» **DATA**:
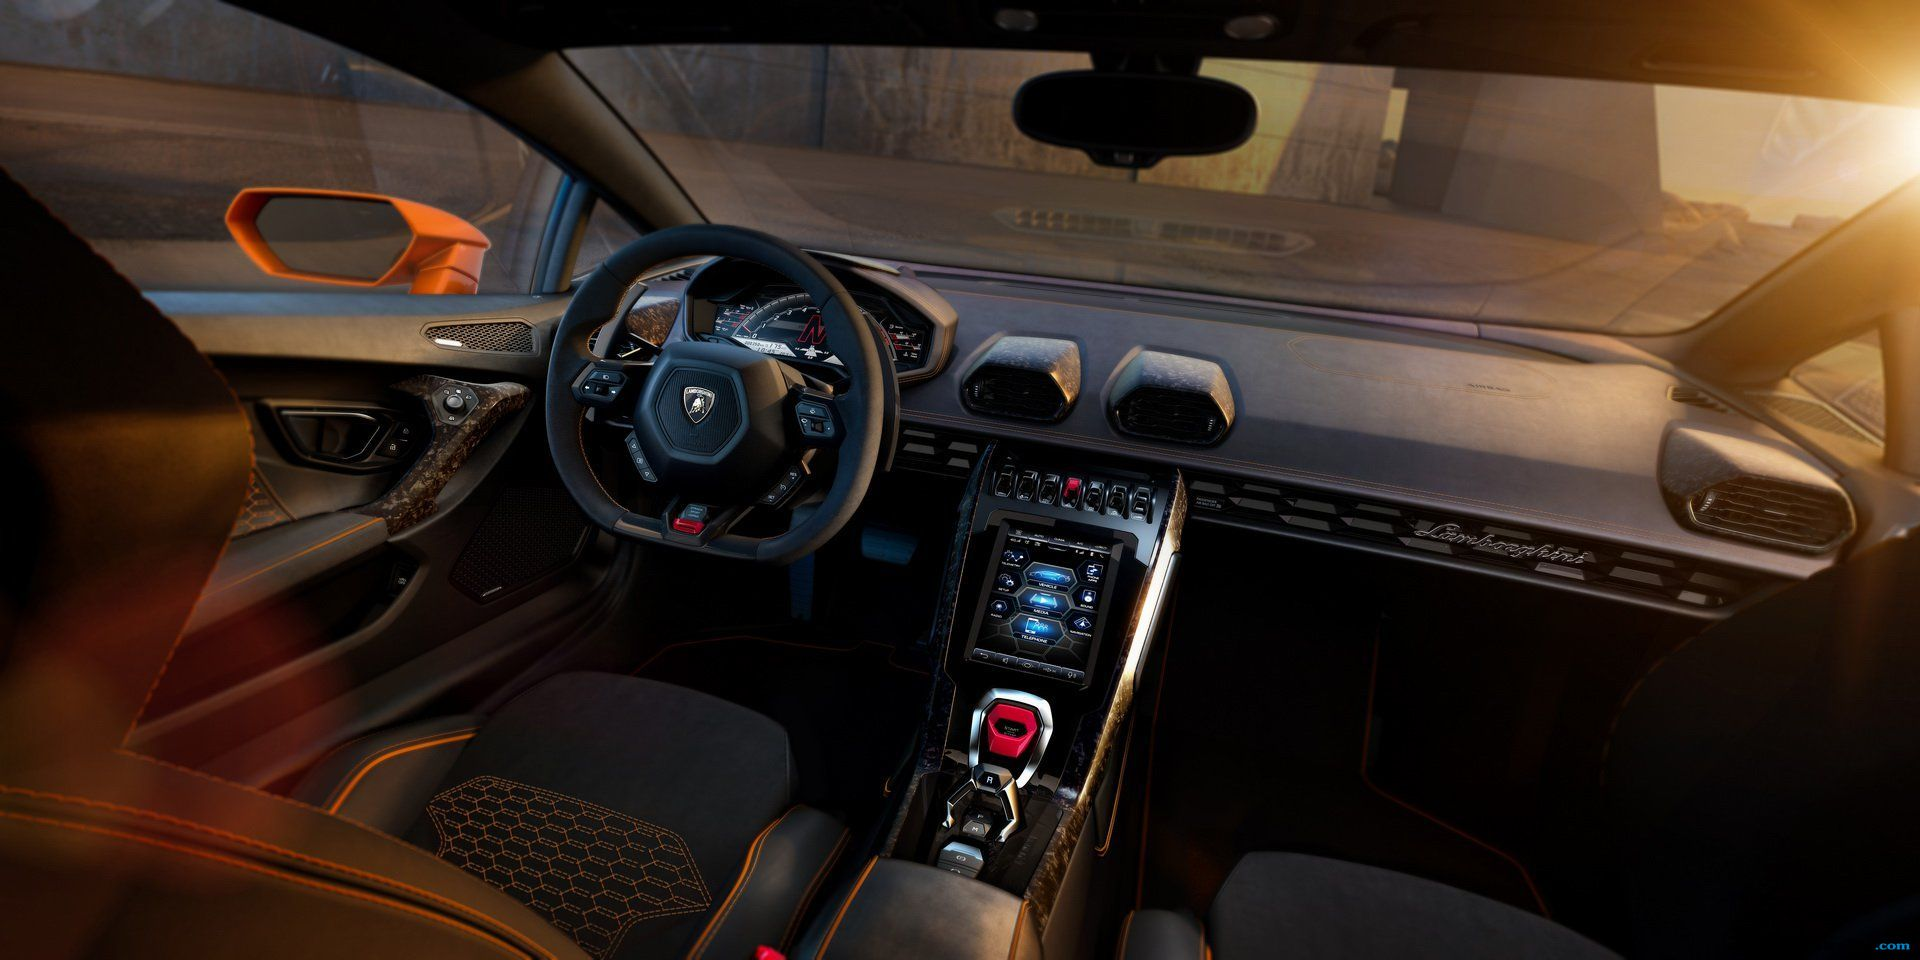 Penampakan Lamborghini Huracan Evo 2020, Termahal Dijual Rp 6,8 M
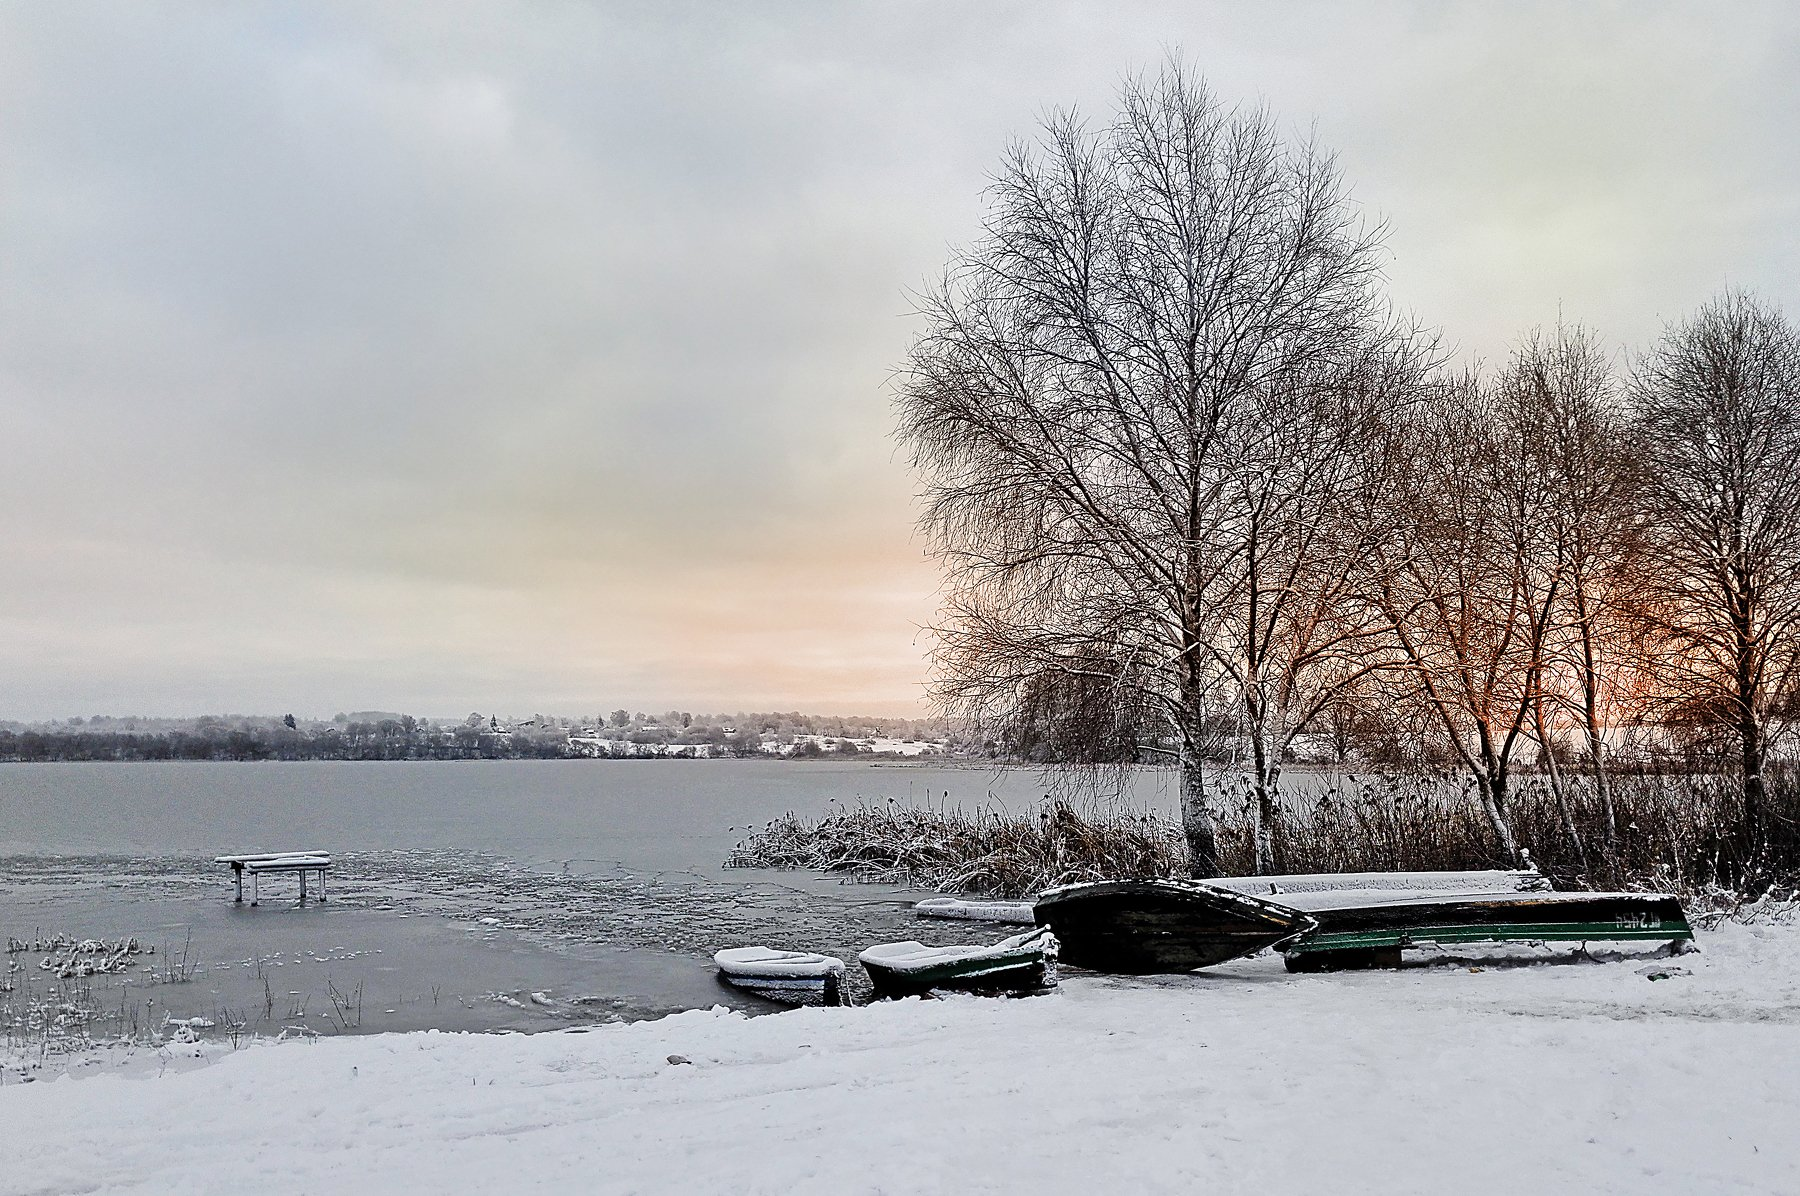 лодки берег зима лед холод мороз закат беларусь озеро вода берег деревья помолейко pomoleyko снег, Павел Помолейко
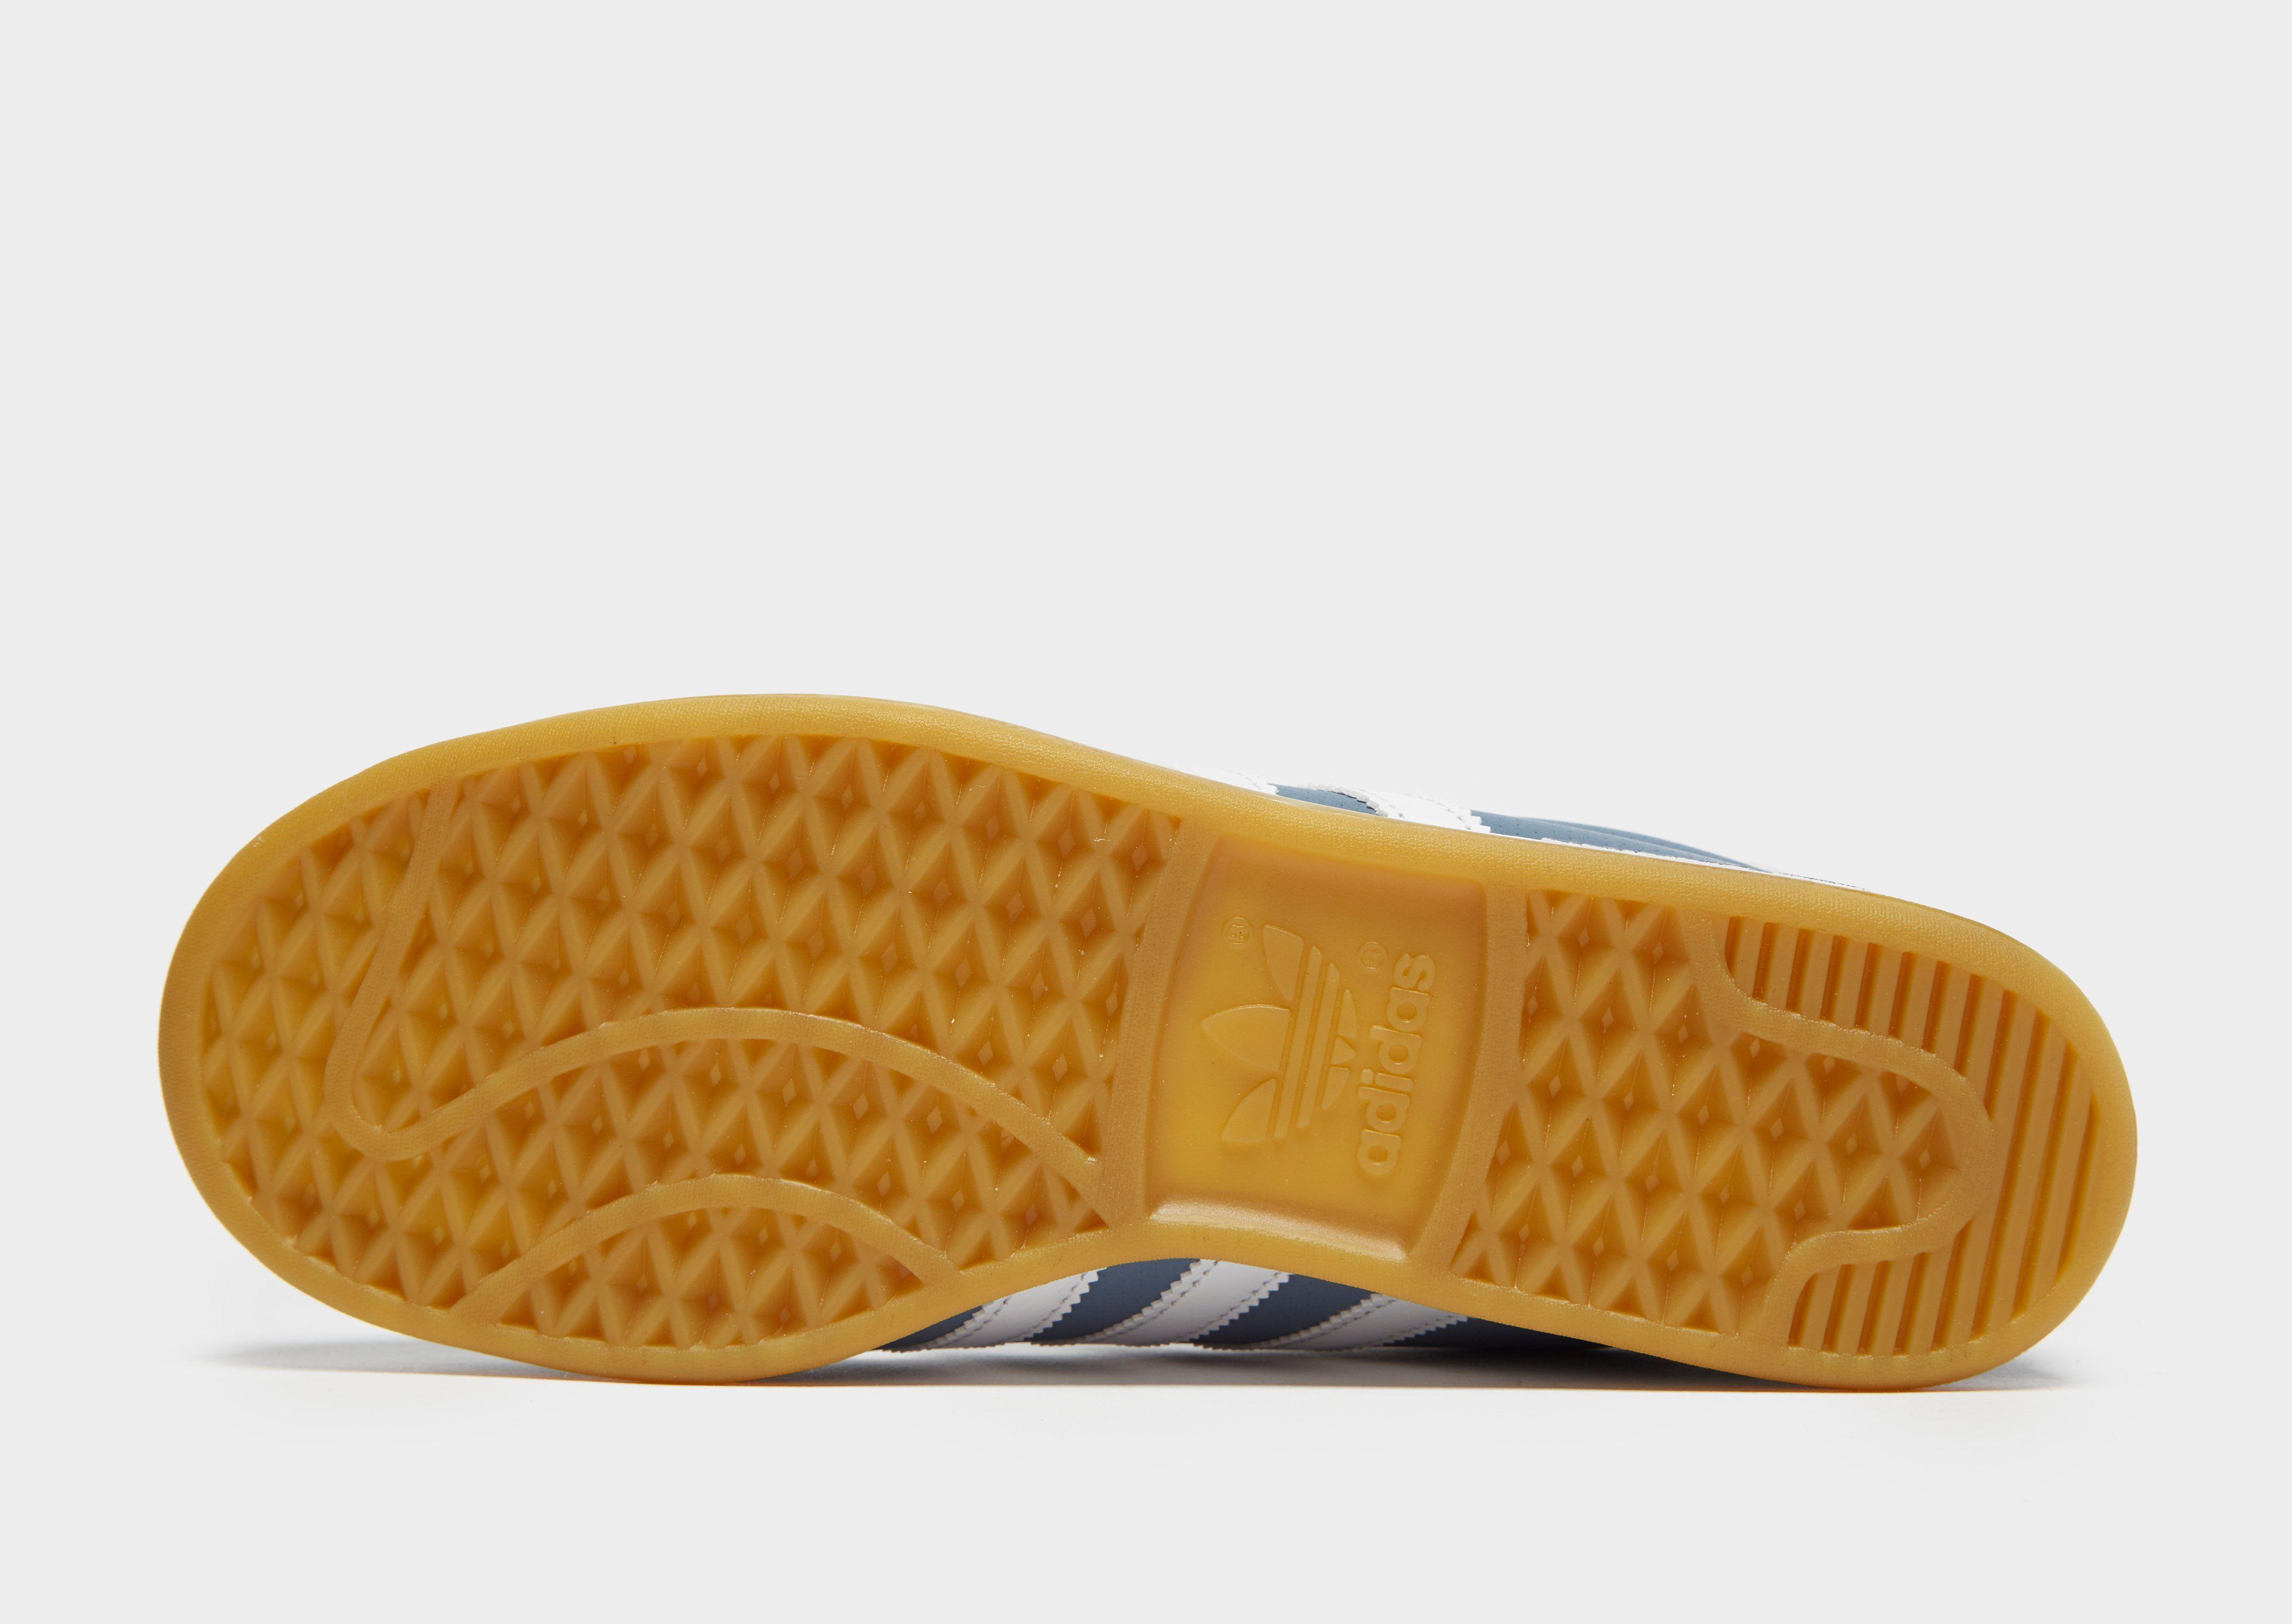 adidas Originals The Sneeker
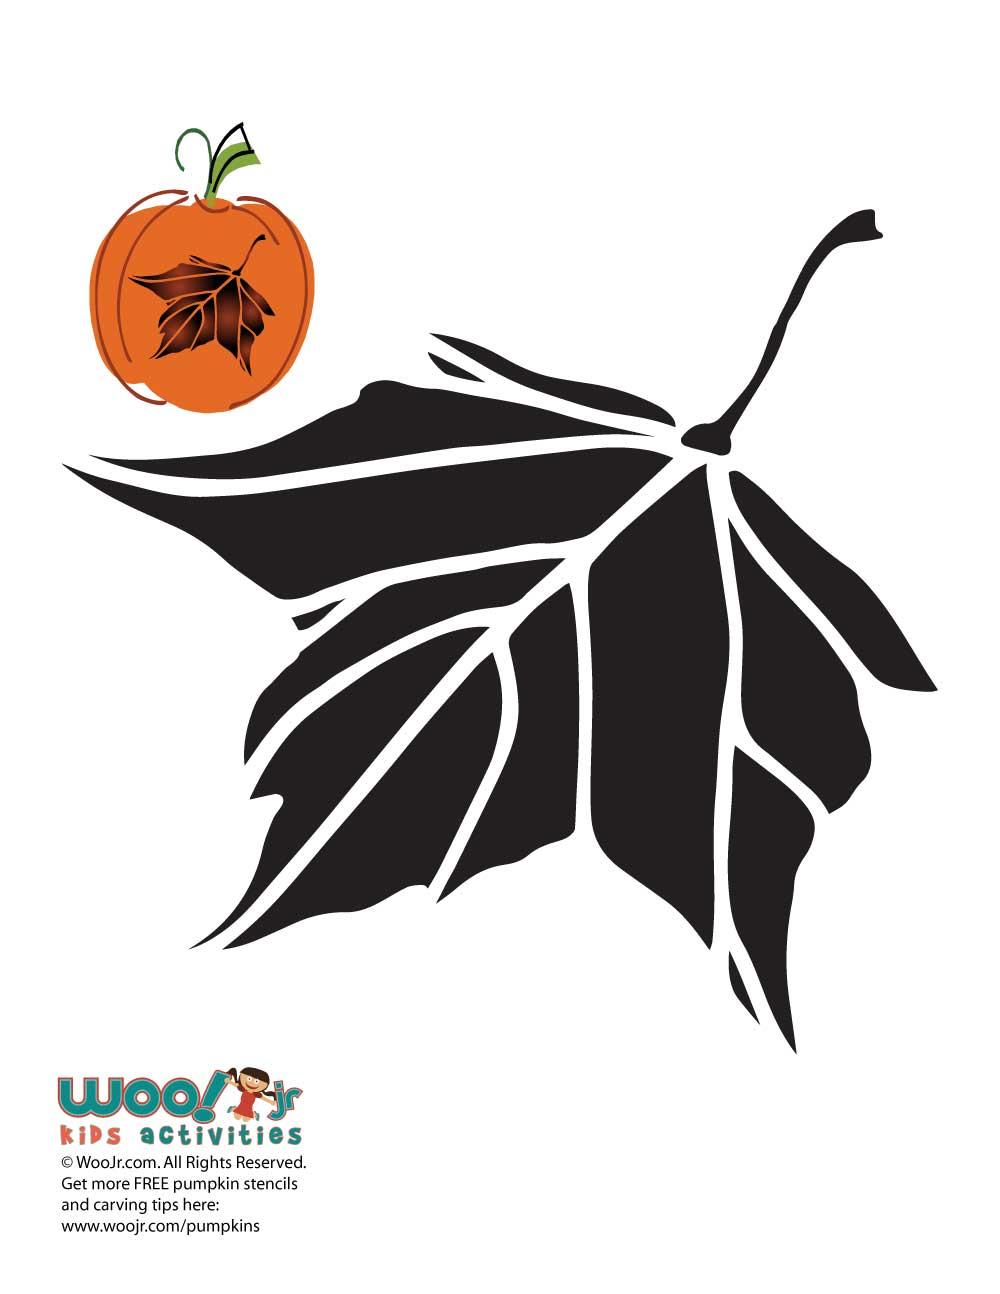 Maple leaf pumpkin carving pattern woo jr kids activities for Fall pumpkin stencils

» **WHAT IS EXPECTED**:
Print the data above in full and exactly as it appears, skipping the pictures.

» **ANSWER BOX**:
 Penampakan Lamborghini Huracan Evo 2020, Termahal Dijual Rp 6,8 M
 лодки берег зима лед холод мороз закат беларусь озеро вода берег деревья помолейко pomoleyko снег, Павел Помолейко
 adidas Originals The Sneeker
 Maple leaf pumpkin carving pattern woo jr kids activities for Fall pumpkin stencils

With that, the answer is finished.